Hm.. can someone explain whats going on?
Sep 30 2017
next sibling parent reply Jon Degenhardt <jond noreply.com> writes:
On Saturday, 30 September 2017 at 17:17:17 UTC, SrMordred wrote:

 writeln( "a.b.c".splitter('.').dropBack(1) ); //compiles ok
 writeln( "a.b.c".splitter(".").dropBack(1) );

 //error:
 Error: template std.range.dropBack cannot deduce function from 
 argument types !()(Result, int), candidates are:
 (...)

 Hm.. can someone explain whats going on?


It's easy to overlook, but documentation for splitter starts out:

      Lazily splits a range using an element as a separator.

An element of a string is a char, not a string. It needs to be 
read somewhat literally, but it is correct.

It's also part of template constraint, useful once you've become 
accustomed to reading them:

     auto splitter(alias pred = "a == b", Range, Separator)(Range 
r, Separator s)
         if (is(typeof(binaryFun!pred(r.front, s)) : bool) && ....

For "a.b.c"splitter(x), Range r is a string, r.front is a char. 
The template can only be instantiated if the predicate function 
is valid. The predicate function is "a == b". Since r.front is a 
char, then s must be a type that can be compared with '=='. A 
string and char cannot be compared with '==', which is why the a 
valid template instantiation could not be found.
Sep 30 2017
parent reply WhatMeWorry <kheaser gmail.com> writes:
On Saturday, 30 September 2017 at 18:21:11 UTC, Jon Degenhardt 
wrote:

 On Saturday, 30 September 2017 at 17:17:17 UTC, SrMordred wrote:

 [...]


 It's easy to overlook, but documentation for splitter starts 
 out:

      Lazily splits a range using an element as a separator.

 An element of a string is a char, not a string.
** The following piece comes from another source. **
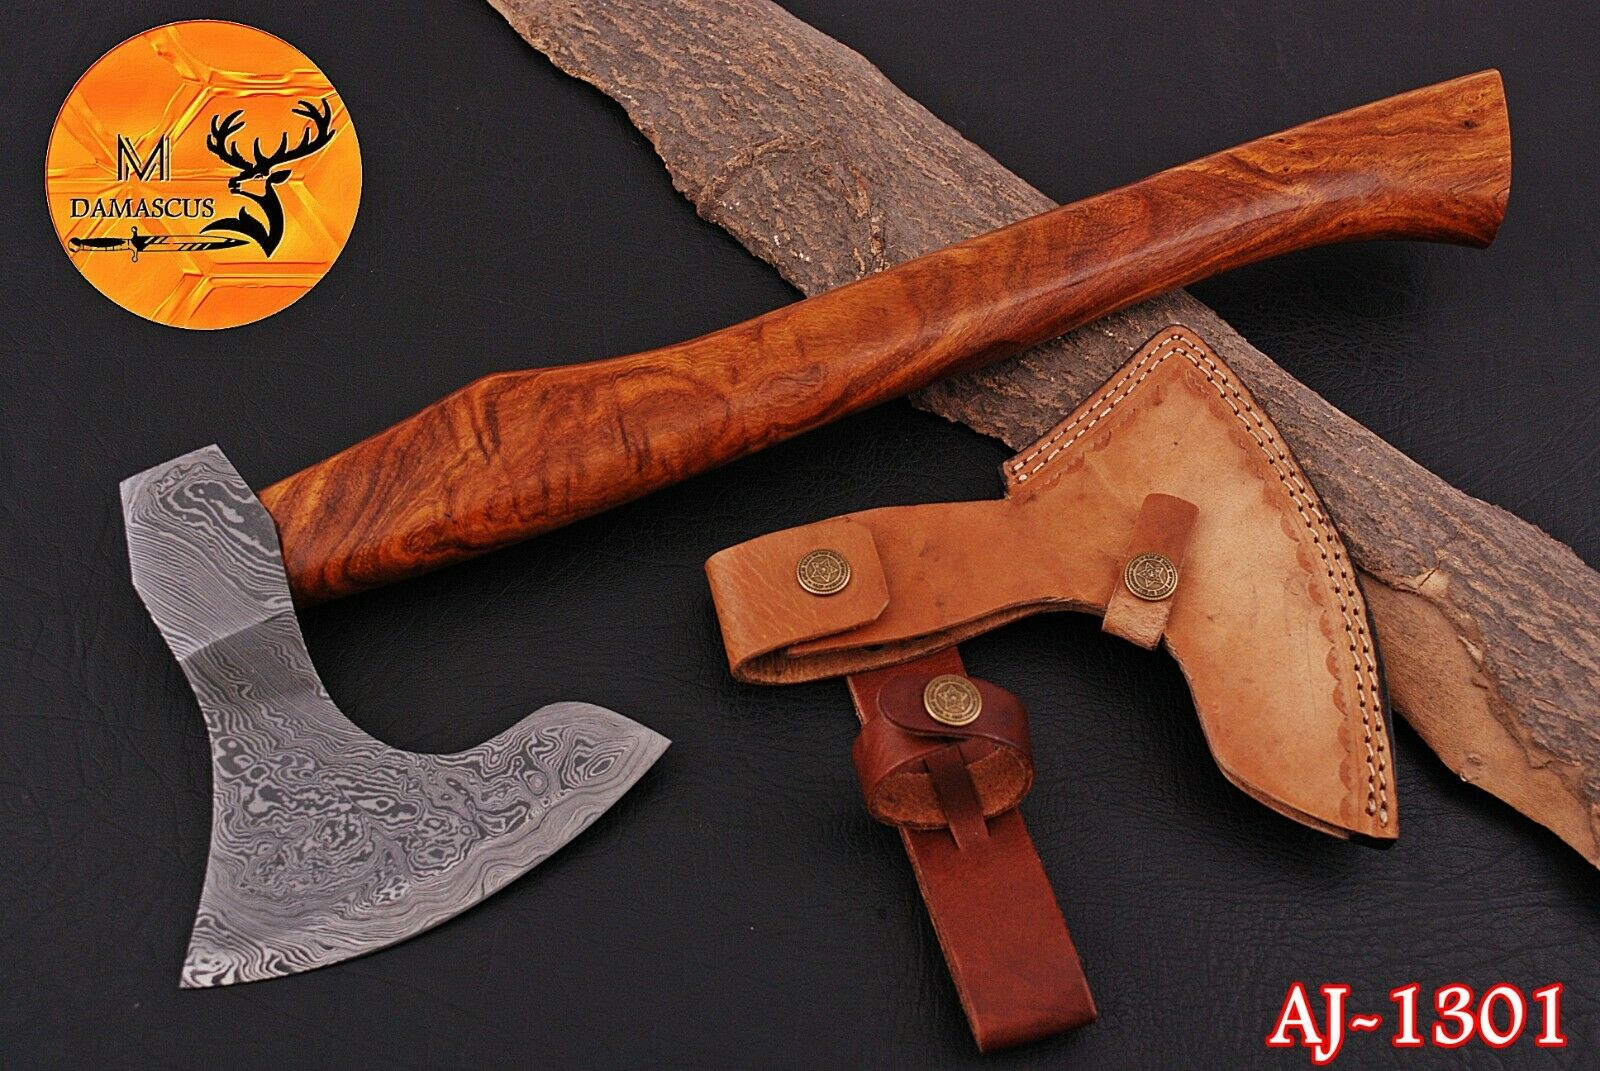 Hand Forged Damascus Steel Axe With Rose Wood Handle - Aj 1301
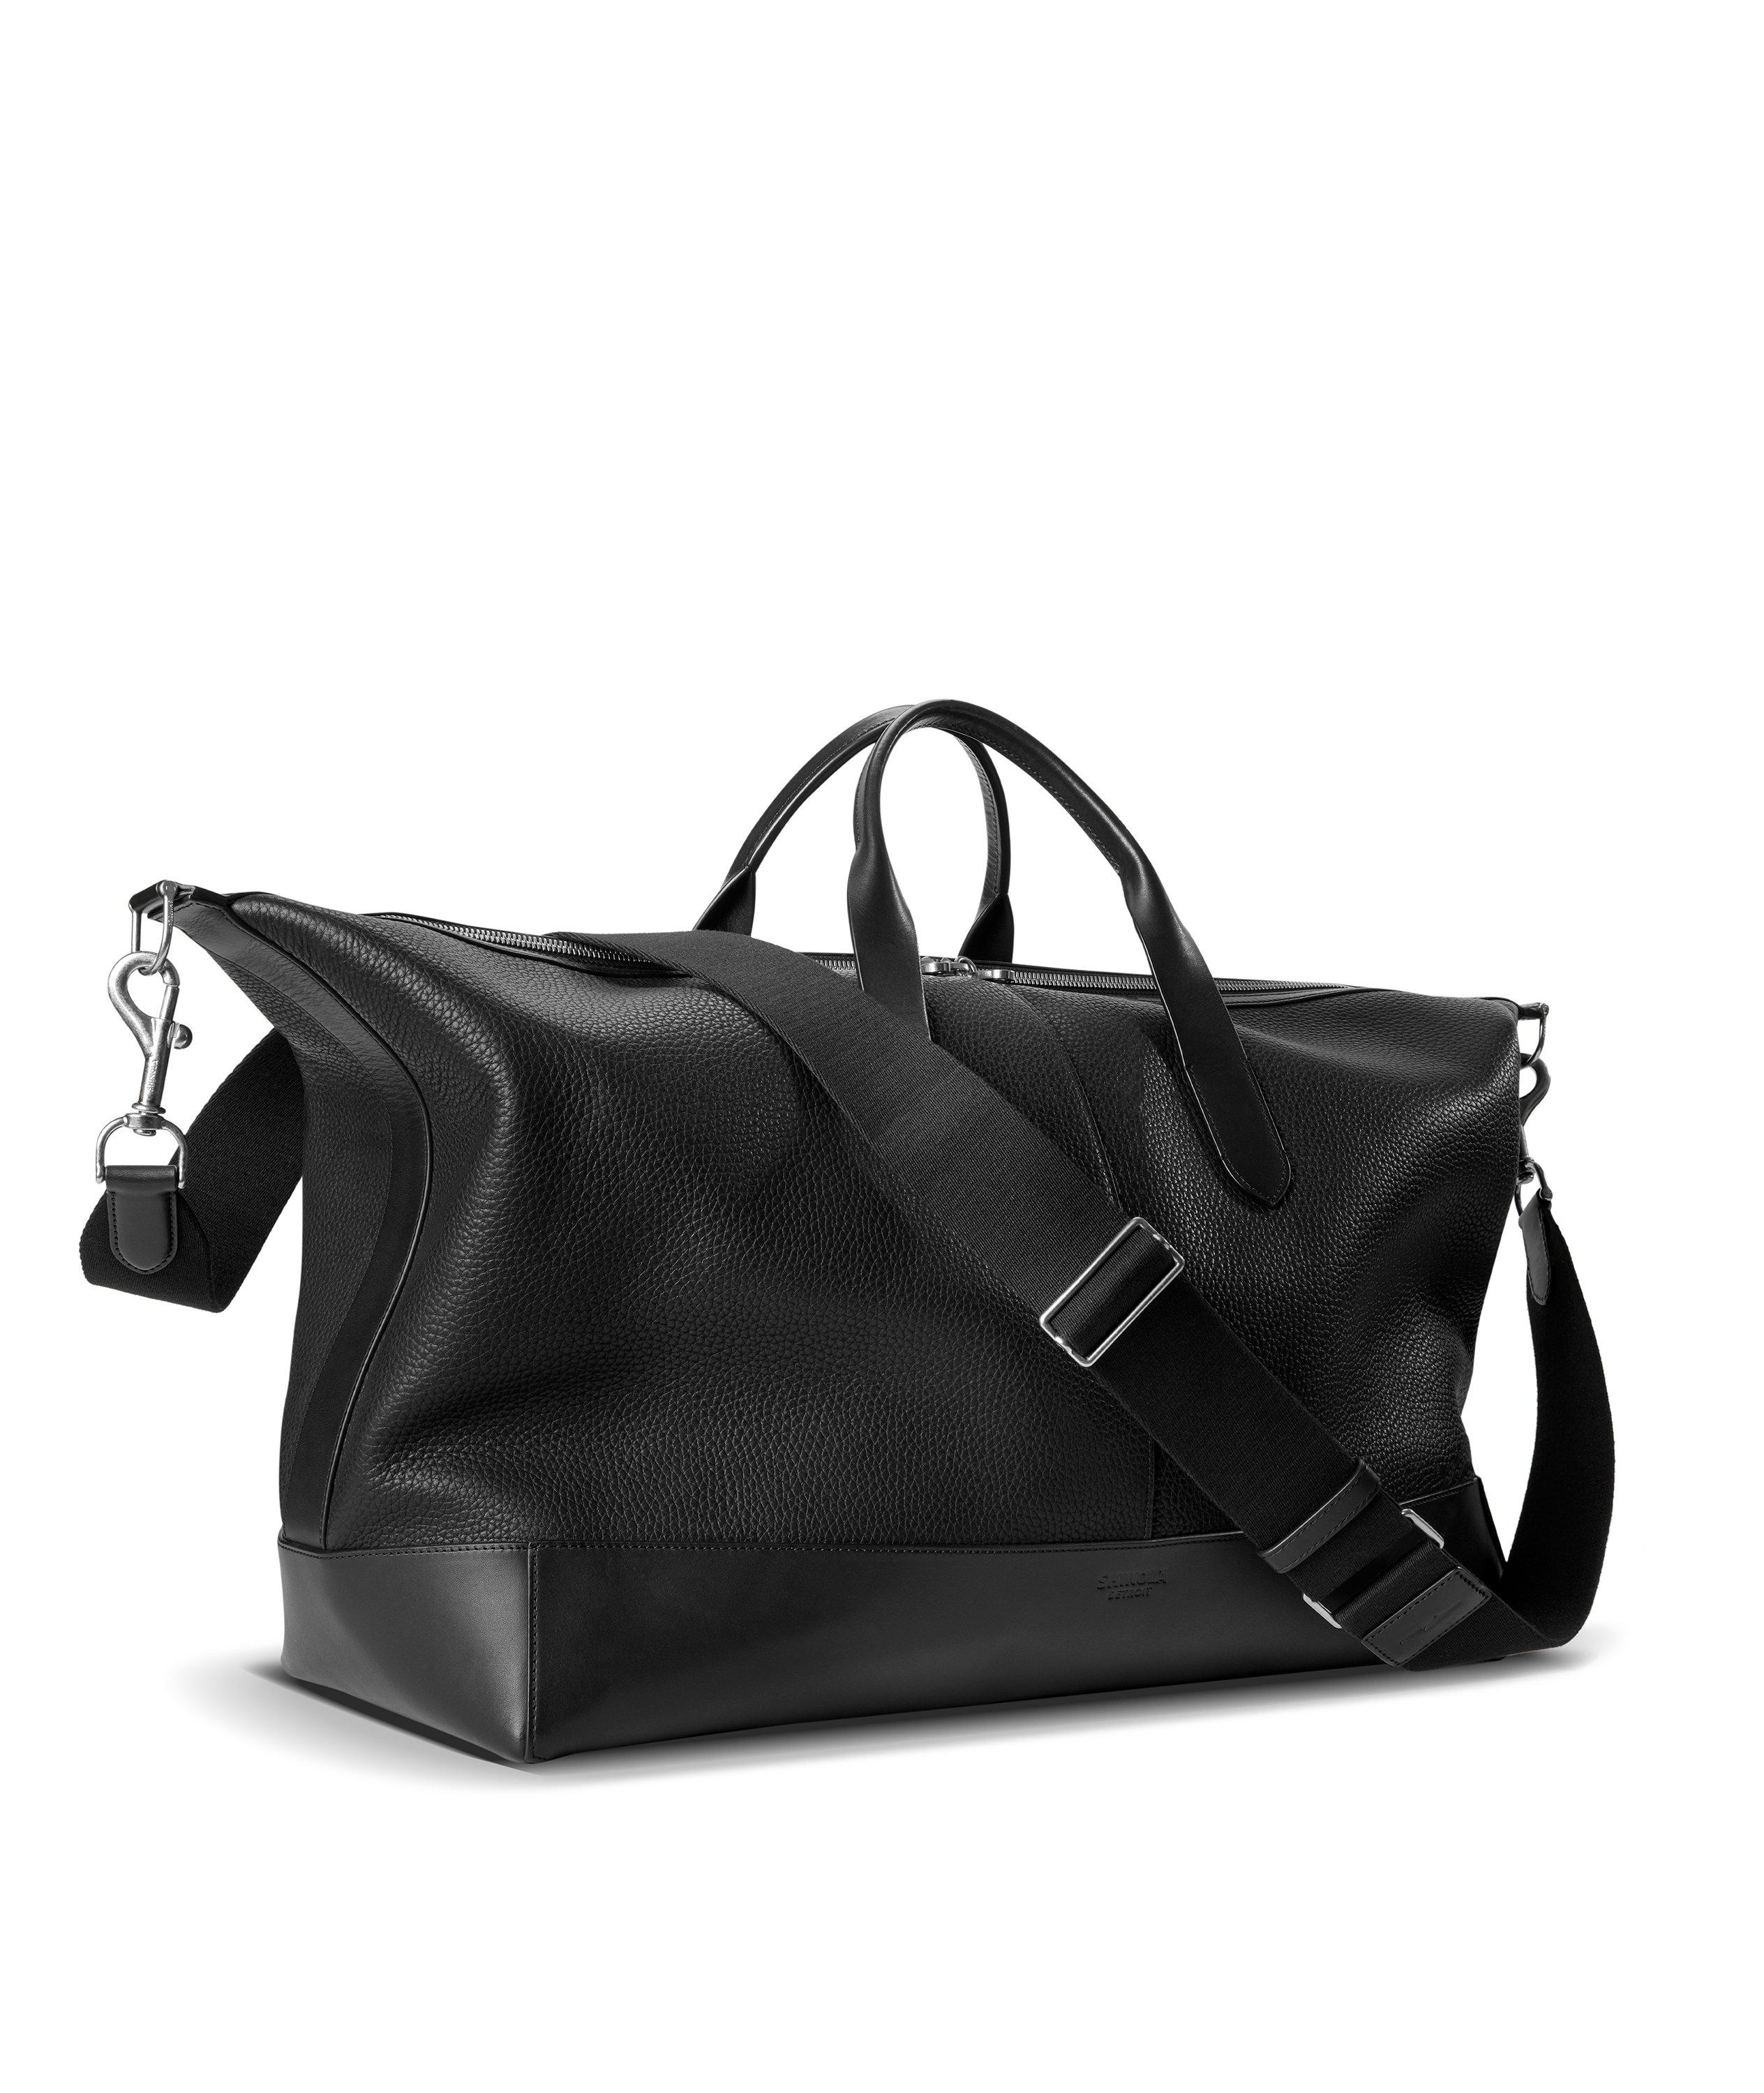 Canfield Classic Holdall Duffle Bag  image 1

It needs to be 
 read somewhat literally, but it is correct.

 It's also part of template constraint, useful once you've 
 become accustomed to reading them:

     auto splitter(alias pred = "a == b", Range, 
 Separator)(Range r, Separator s)
         if (is(typeof(binaryFun!pred(r.front, s)) : bool) && 
 ....

 For "a.b.c"splitter(x), Range r is a string, r.front is a char. 
 The template can only be instantiated if the predicate function 
 is valid. The predicate function is "a == b". Since r.front is 
 a char, then s must be a type that can be compared with '=='. A 
 string and char cannot be compared with '==', which is why the 
 a valid template instantiation could not be found.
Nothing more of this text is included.